Il est naturel que sous les coups de la douleur, nous soyons prêts à vouloir leur échapper à n'importe quel prix. L'amertume qui nous remplit l'âme suffit à nous aveugler sur les vrais mérites du sort qui nous attend et c'est une des mystérieuses ironies de l'existence que ces suicides moraux, d'où tout raisonnement est banni, où toute expérience est annulée.

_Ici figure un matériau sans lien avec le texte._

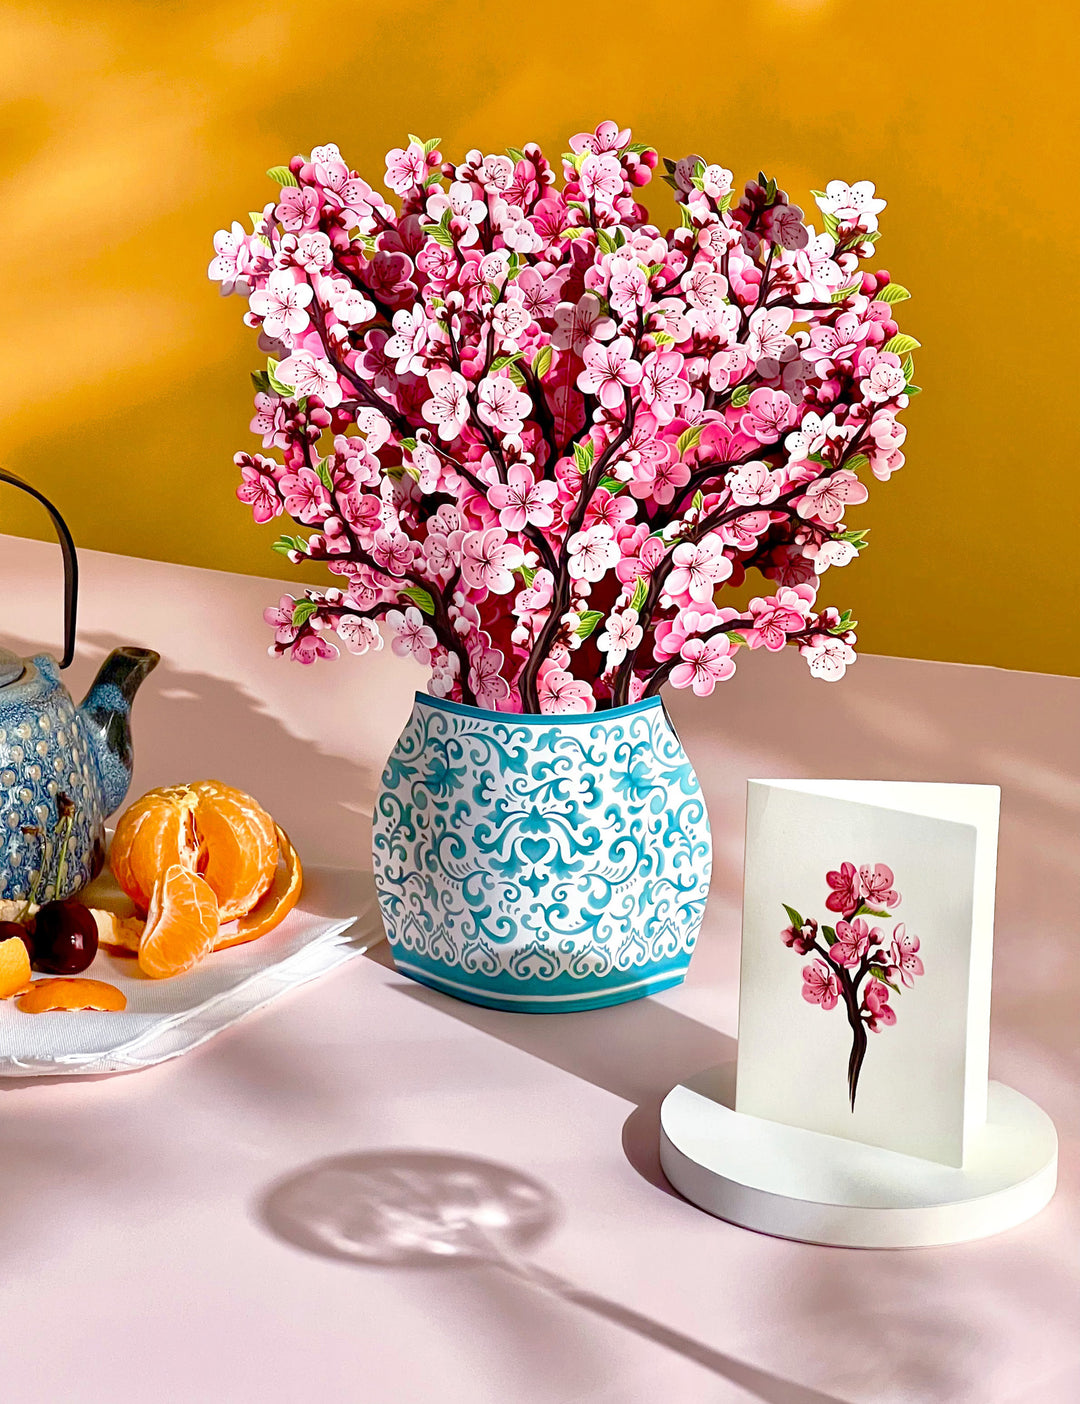 Pop Up Flower Bouquet Greeting Card - Cherry Blossoms

La veille de son mariage, dans sa chambre encombrée des mille Jolies choses que l'on donne aux fiancées, la malle faite pour le voyage de noce la toilette d'épousée étalée sur un canapé, Mireille dit à Roseline :
- Non, vois-tu, les forces ont une limite. Tout, plutôt que de vivre encore dans cette lutte, cette contradiction perpétuelle. J'aime Albert, c'est vrai, mais si j'avais été heureuse à la maison, je ne me serais pas laissé aller si facilement. Maintenant, je n'ai plus qu'à compter sur la grâce de Dieu.

Roseline embrassa son amie en silence. En la quittant, elle pensait à cette phrase qu'elle avait lue dans un de ses auteurs favoris :
« Ceux-là seuls qui cherchent la main de Dieu, ont le droit de s'appuyer sur elle ».

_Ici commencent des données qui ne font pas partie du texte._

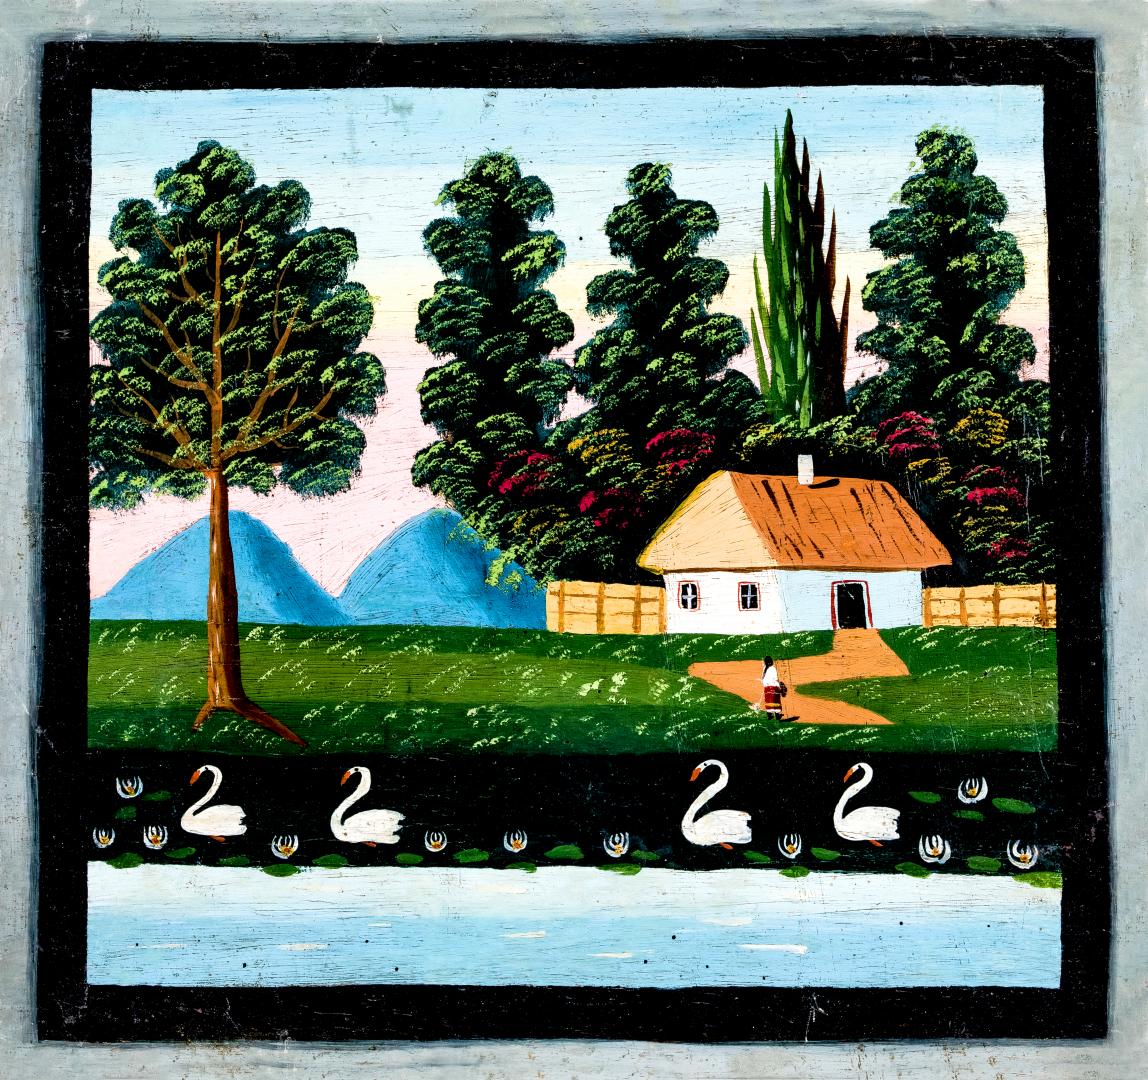 Rural landscape with swans

Rentrée à la villa des Pervenches, Roseline rejoignit ses parents qui l'attendaient pour prendre le thé au jardin. Quoiqu'on ne fût qu'en Avril, la journée était tiède ; les fleurs printanières, aux tons jaunes et bleus, éclairaient les massifs et les plates-bandes. Sous la tonnelle où les glycines commençaient à sortir leurs grappes mauves de leurs fourreaux grisâtres, M. et Mme Duclavel accueillirent leur fille avec un sourire. Ils savaient qu'elle souffrait encore de la visite qu'elle venait de faire. Mireille avait fait partie de leur vie de famille si intimement depuis deux ans, que sa défection leur était à 'tous trois une épreuve cruelle. Mais pour Roseline, c'était un désastre. Elle se le reprochait à elle-même, encore plus qu'à son amie.
- Si j'avais été plus fidèle, se disait-elle, si j'avais vécu logiquement et parlé avec plus de conviction, elle aurait eu plus de confiance. Elle aurait cru à mes avertissements, elle aurait profité de l'expérience des autres.
- L'expérience des autres ! répéta M. Duclavel, lorsque Roseline fit ces réflexions devant ses parents, sous la tonnelle couverte de glycine, quand tu auras 50 ans, ma fille, tu sauras que l'expérience des autres ne sert à personne. Notre petite amie fera les siennes et tout ce que nous pouvons souhaiter, c'est qu'elles ne soient pas trop dures, car elle n'a pas beaucoup de force pour les supporter.
- Elle était si malheureuse ! dit Mme Duclavel. Et nous sommes si heureux, nous !

Ils se regardèrent - tous trois, émus, reconnaissants, rendant à Dieu, en silence mais d'un seul coeur, des actions de grâces.
Car, en cet instant, Roseline se souvenait de sa propre lutte, de l'heure à laquelle il avait fallu faire le grand sacrifice, et combien, malgré la souffrance, le nid paternel avait paru doux, accueillant, bienfaisant à son coeur brisé.
Mireille n'avait rien eu de tout cela. Et, incapable de supporter les âpres hauteurs de la solitude, elle était descendue dans la plaine, où se trouvent les refuges humains, faibles mais visibles.
- Prions, dit M. Duclavel.

Ce fut la conclusion de leurs pensées affectueuses, pour la petite âme chère, qui, demain, prendrait passage dans une barque frêle sur une mer inconnue et souvent orageuse.